He is a Senior Staff Engineer with Samsung Austin Research Center, Austin, TX, USA, with a focus on EDA and machine learning/deep learning. He holds a number of publications and international awards in the above areas.



**Bei Yu** (S'11–M'14) received the Ph.D. degree from the Department of Electrical and Computer Engineering, University of Texas at Austin, Austin, TX, USA, in 2014.

He is currently an Assistant Professor with the Department of Computer Science and Engineering, Chinese University of Hong Kong, Hong Kong.

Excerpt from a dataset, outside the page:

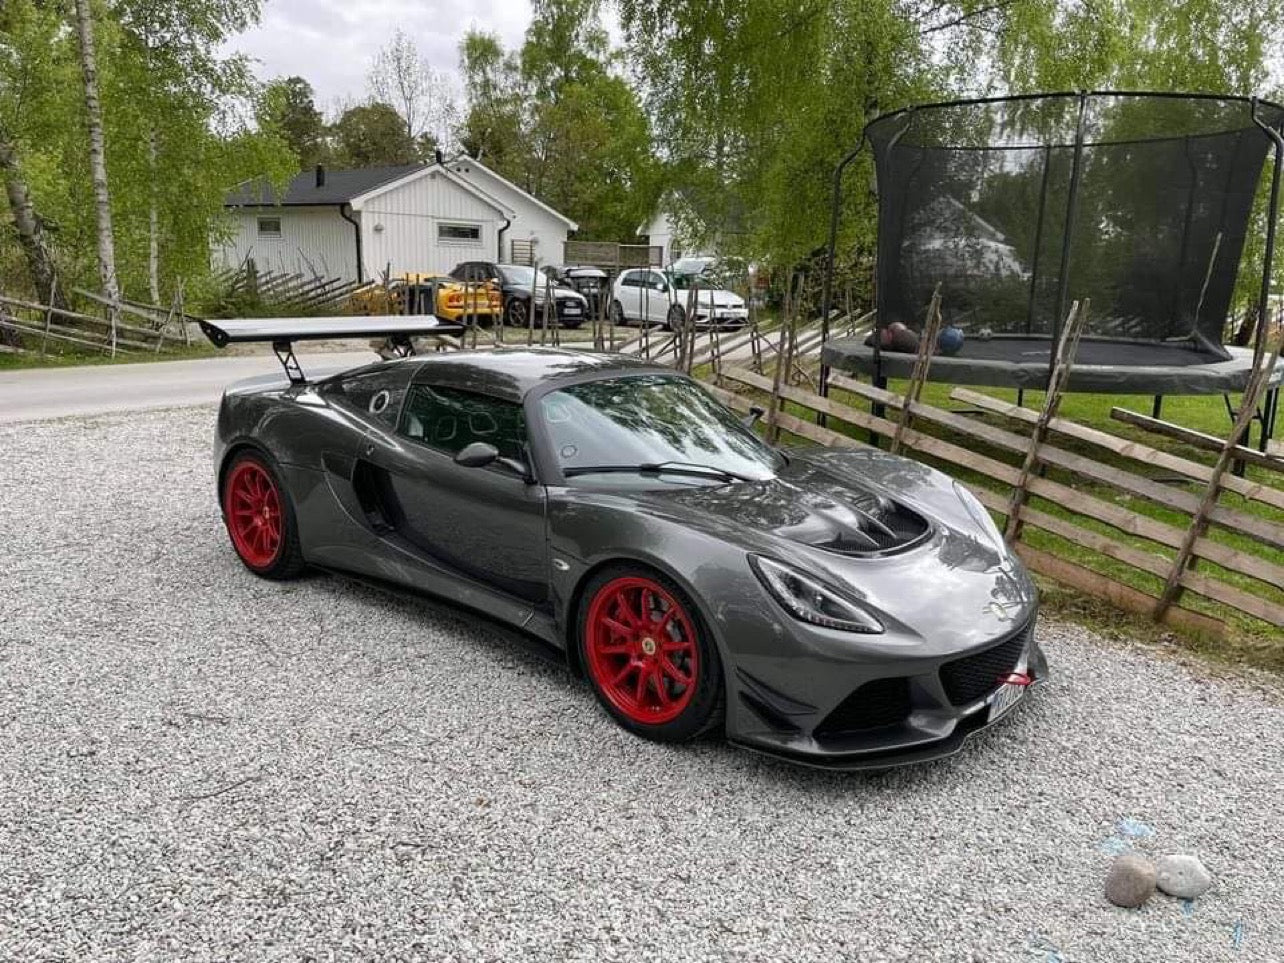 Lotus Exige V6 Forged Wheels Candy Red

Dr. Yu was a recipient of the four Best Paper Awards at International Symposium on Physical Design in 2017, the SPIE Advanced Lithography Conference in 2016, the International Conference

on Computer Aided Design in 2013, and the Asia and South Pacific Design Automation Conference in 2012, plus three additional Best Paper Award nominations at DAC/ICCAD/ASPDAC, and four ICCAD/ISPD contest awards. He has served in the editorial boards of *Integration*, *VLSI Journal*, and *IET Cyber-Physical Systems: Theory & Applications*.



**Huy Vo** received the B.S. and M.S. degrees from the University of California at Berkeley, Berkeley, CA, USA.

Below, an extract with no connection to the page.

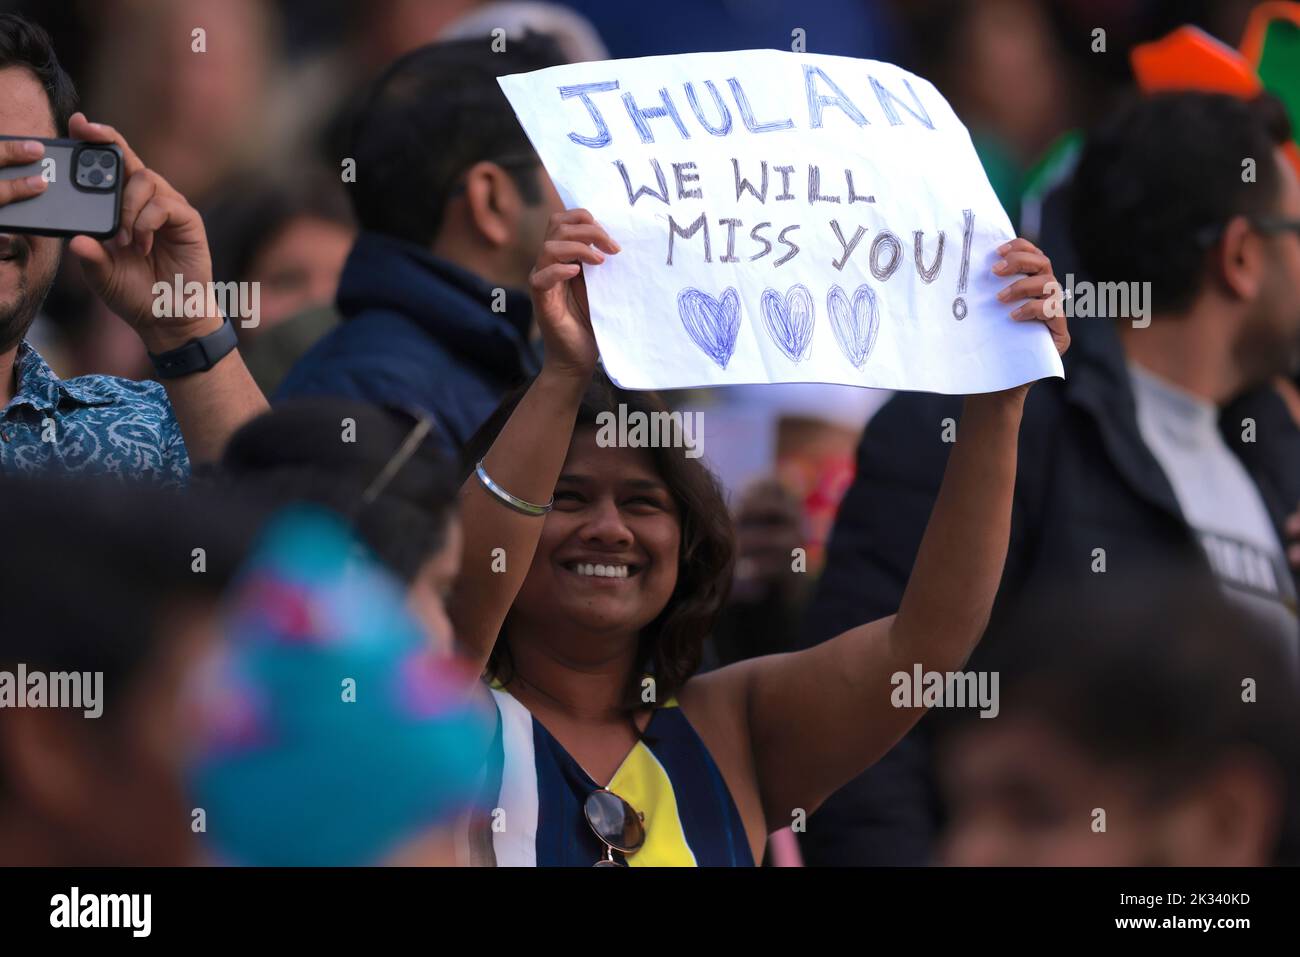 24 September , 2022, London, UK. Jhulan we will miss you. A sign in the crowd as England women take on India in the 3rd Royal London One Day International at Lords. David Rowe/Alamy Live News. Stock Photo

He is a Professional Software Engineer with several years of industry experience. He has previously researched with other researchers in the design and implementation of HDL and microelectronic CAD tools. His current research interests include cloud computing and large scale data processing.



Akshay Sharma received the bachelor's degree in electronics and communication engineering with the Delhi College of Engineering, New Delhi, India, in 1999, and the Ph.D. degree in electrical engineering from the University of Washington (UW), Seattle, WA, USA, in 2005.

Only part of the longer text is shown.